Somehow, the phone recognized the format of the barcode, was able to decode its information and found that it contained a Uniform Resource Locator (web page address in http:// format). The barcode not only contained the website name but also additional instructions, so the phone knew that it should open the browser, find the website and pass on the instructions. And the website knew what to do, presenting the right page with the specific information needed.

While this imaginary scenario would be unusual in a landscaper's yard, it is all quite feasible with today's technology — and commonly used already in other industries.

The old situation
There's nothing new about barcodes. The first barcode was invented in 1948, and they have gone through a number of changes and improvements since then. Barcodes are commonplace today in shipping labels, inventory control and point-of-sale systems, and are widely used in the horticulture industry. The common one-dimensional (1-D) barcode most often translates into a simple number, which identifies a record in a database, containing all related information. In a garden centre, this might be the price, name and cultural information, speeding up the checkout process while making it far less subject to error, as well as providing extra information that supports the sales activity.
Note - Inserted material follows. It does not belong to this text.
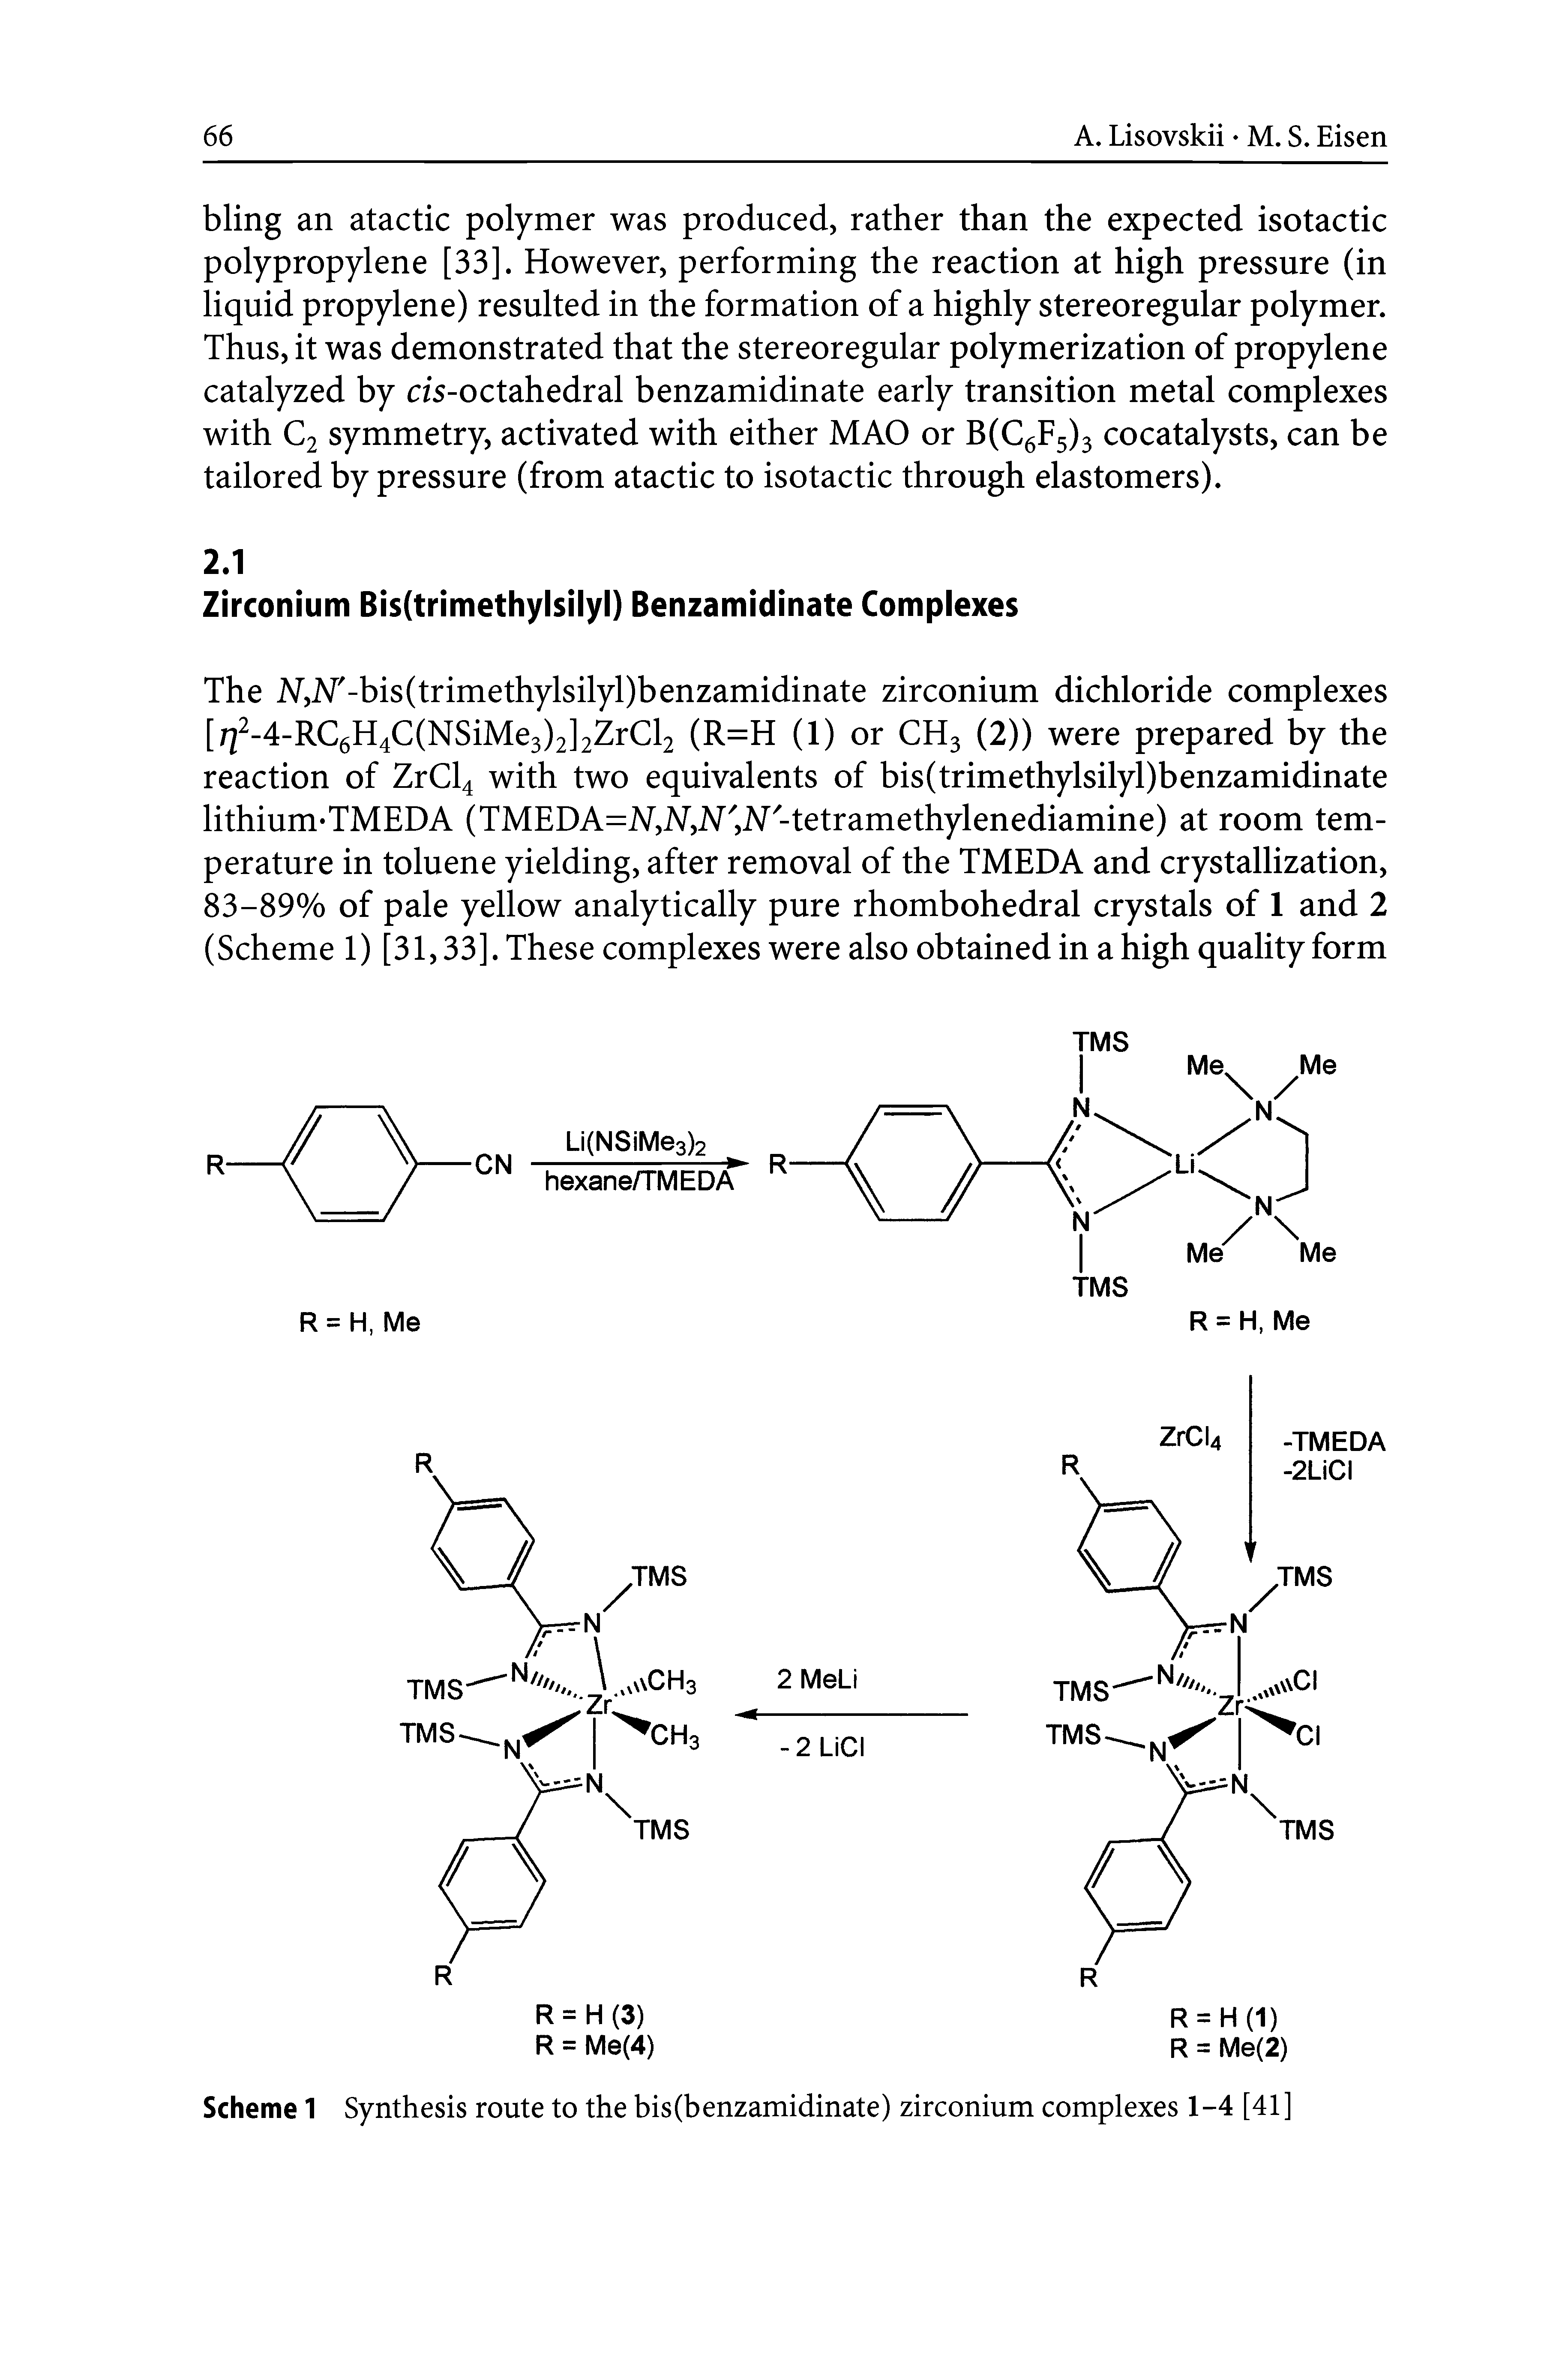 Scheme 1 Synthesis route to the bis(benzamidinate) zirconium complexes 1-4 [41]...
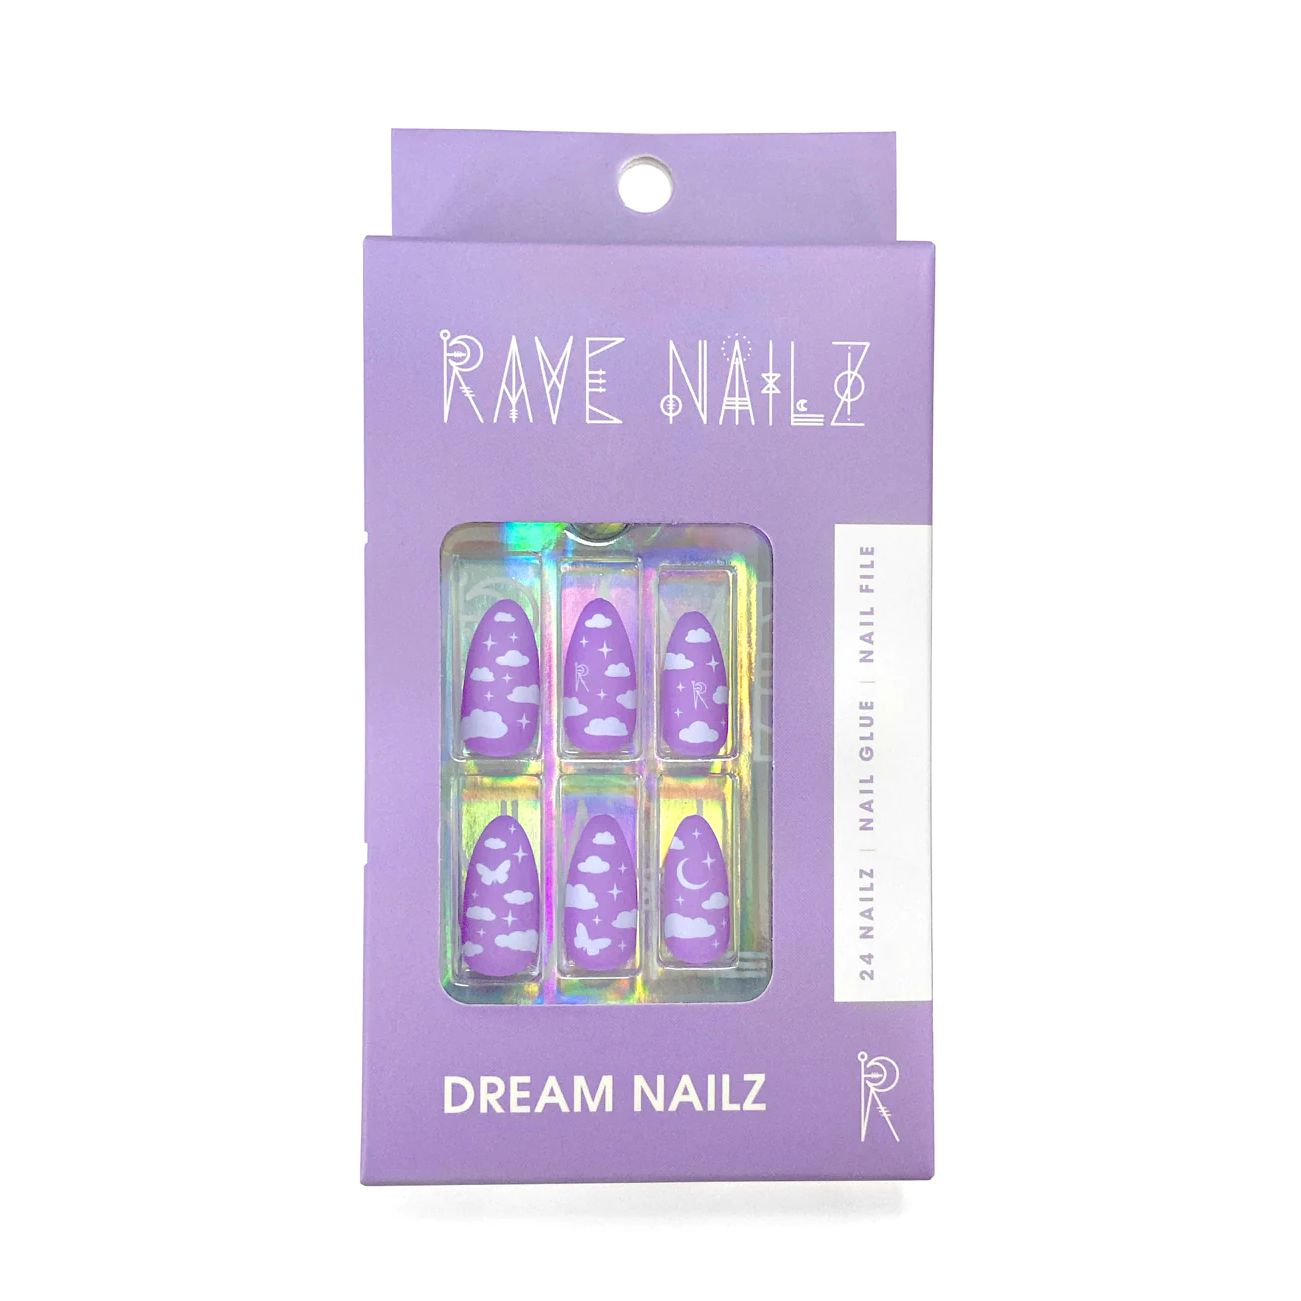 Dream Nailz | Press On Nail Kit Includes 24 Nails

We are starting to see these 1-D barcodes on printed receipts. This is really handy at the returns desk, where a quick scan of the receipt brings up not only detail about the items purchased, but the entire master sales record including place, date and time, method of payment and current warranty status.

Using your camera on a 1-D barcode would not get you very far. While it might yield the unique number of the tree in the vendor's database, the camera would not know what to do with it. There's just not enough information encoded.

What is new
Barcodes can now be square and come in other shapes. The rectangular shape of 1-D barcodes is intended to deal with error correction and helping the barcode scanner read it easily, but the barcode still contains only one number. Two-dimensional (2-D) barcodes can contain thousands of alphanumeric characters.

Here are three different types (among many) of 2-D barcodes. The three examples illustrated all say the same thing, "http://www.landscapetrades.com, " the URL of the on-line pages of Landscape Trades magazine:







There are a number of free on-line services which allow you to create and decode these barcodes, which separate you from the nitty-gritty of generating and decoding single examples. If you have a printed version, you can scan with a phone or a flatbed scanner, to get an image for decoding. If you are viewing an on-line version, simply copy the image. Once you have the image, submit it to one of the on-line decoders. You can even use a smart phone to scan an image displayed on your monitor.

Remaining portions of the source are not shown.